Defunct railroad in Michigan, U.S.

The Amboy, Lansing and Traverse Bay Railroad is a defunct railroad which operated in the state of Michigan during the 1850s and 1860s. Initially planned as an ambitious land grant railroad which would run the length of the Lower Peninsula of Michigan, poor finances and politically motivated routes frustrated these aims.

== History ==

The AL&TB was one of several railroads chartered in the 1850s to take advantage of a land grant program instituted by the federal government. Under an act of 1856 and successive acts Michigan had in its gift over 5000000 acre of land which could be given to railroads (which would then re-sell these lands for a profit) in exchange for constructing certain routes. At the heart of Michigan's network at the time were the Michigan Central Railroad and the Lake Shore and Michigan Southern Railway, both of which ran east–west across the southern Lower Peninsula. As proposed in the route would run from "Amboy by Hillsdale and Lansing, and from Grand Rapids to some point on or near Traverse Bay." This route would bisect the existing railroad network and provide a railroad connection to Lansing, the new state capital.
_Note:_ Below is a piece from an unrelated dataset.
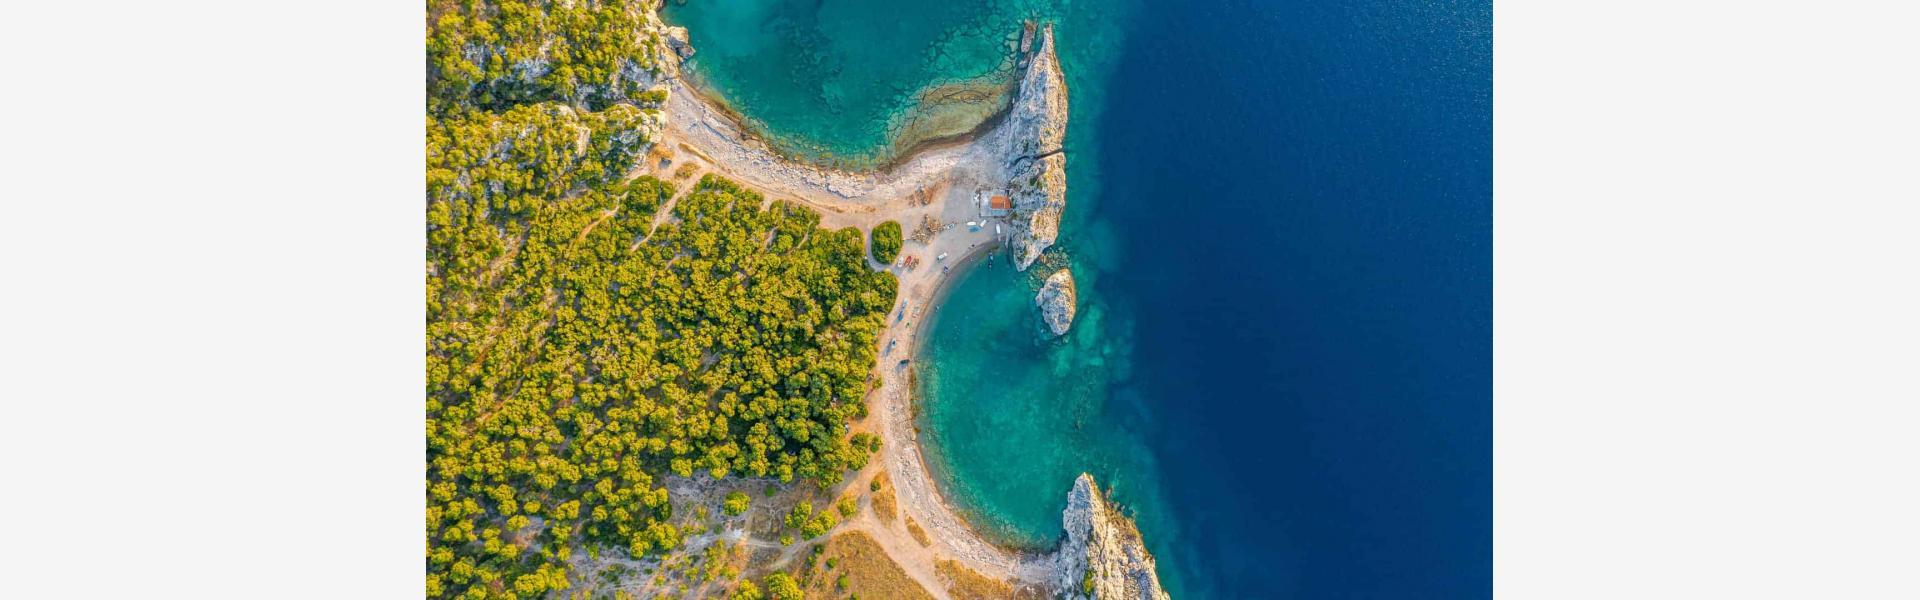 Η παραλία Μυλοκοπή

Almost immediately local interests intervened: the cities of Owosso and Saginaw, which sit northeast of Lansing, successfully lobbied to change the route to run through their cities, then northwest to Traverse Bay. This was a pronounced change from the initial plan, in which the line ran in a straight line northwest from Lansing. The new route's odd shape prompted a Lansing newspaper to dub it the "Ram's Horn Railroad." That epithet had been applied earlier in the decade by Iowa newspaperman James Morgan to a proposed road from Dubuque to Keokuk, whose route was also determined by political considerations and ultimately was not built.

The company began by building a 28 mi line from Lansing to Owosso, which it completed in November 1862.

The railroad was sold in 1866 to the Jackson, Lansing and Saginaw Railroad Company, which in turn became part of the Michigan Central Railroad.